Wayne arriva enfin, et j'admirai ses cheveux sombres coiffés vers l'arrière. Sa démarche souple et discrète ne m'étonnait guère plus désormais. Il fit un grand sourire en arrivant à ma hauteur. Je m'étais arrêtée dès que je l'avais vu. Je le suivis alors qu'il se remettait en marche, en direction de la Place des Ormes.
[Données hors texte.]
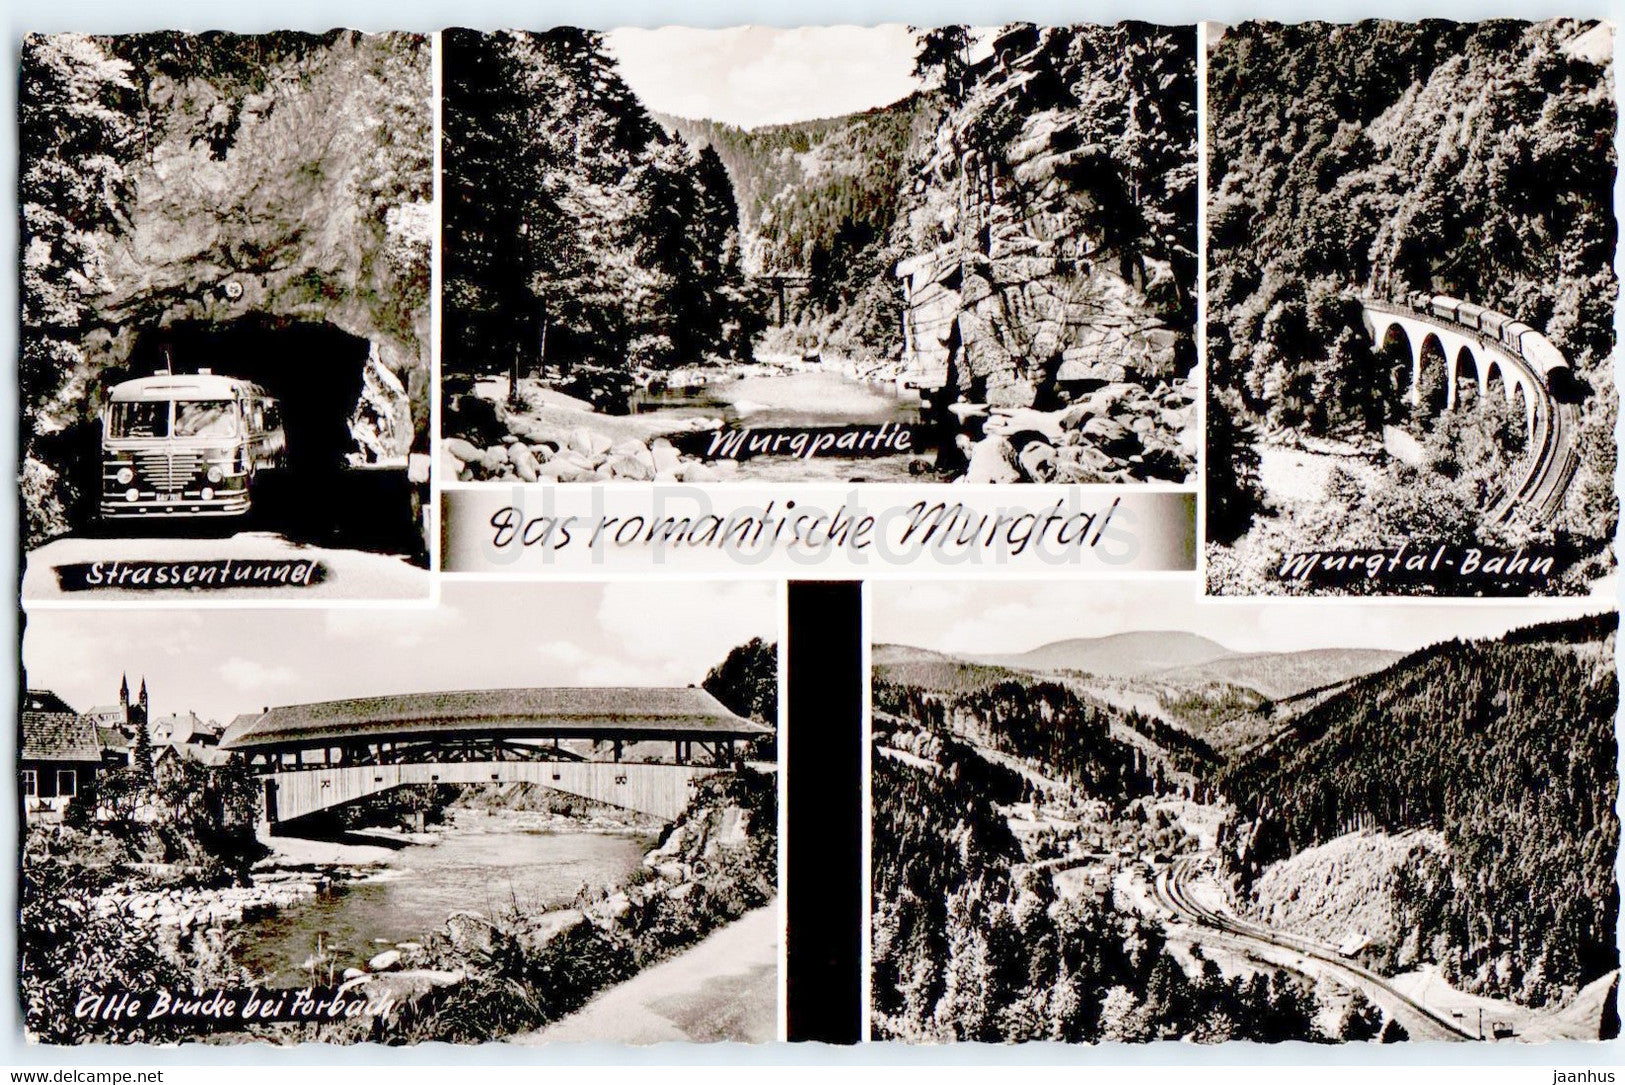 Das romantische Murgtal - Strassentunnel - Murgpartie - bus - old postcard - Germany - used - JH Postcards

Les trois magnifiques ormes centenaires qui y poussaient avaient, disait-on, d'immenses vertus thérapeutiques.

Arrivés là, nous nous assîmes contre le mur, regardant les passants.

- Comment s'appelait ton frère? me demanda Wayne.

- Royce, je crois.

- Royce... C'est un nom peu commun.

- Tout comme Wayne.

Il sourit légèrement, la tête un peu penchée et les yeux dans le vague.

- Et ton nom de famille?

- Comment pourrais-je avoir un nom de famille si je suis orpheline?

Wayne ne me répondit pas. En réalité, j'avais oublié depuis longtemps, si tant est que je ne l'avais jamais su. 

Un nom de famille... Cela servait bien pour les nobles, les bourgeois et les personnes connues... Mais pour les gens de la rue, quelle importance?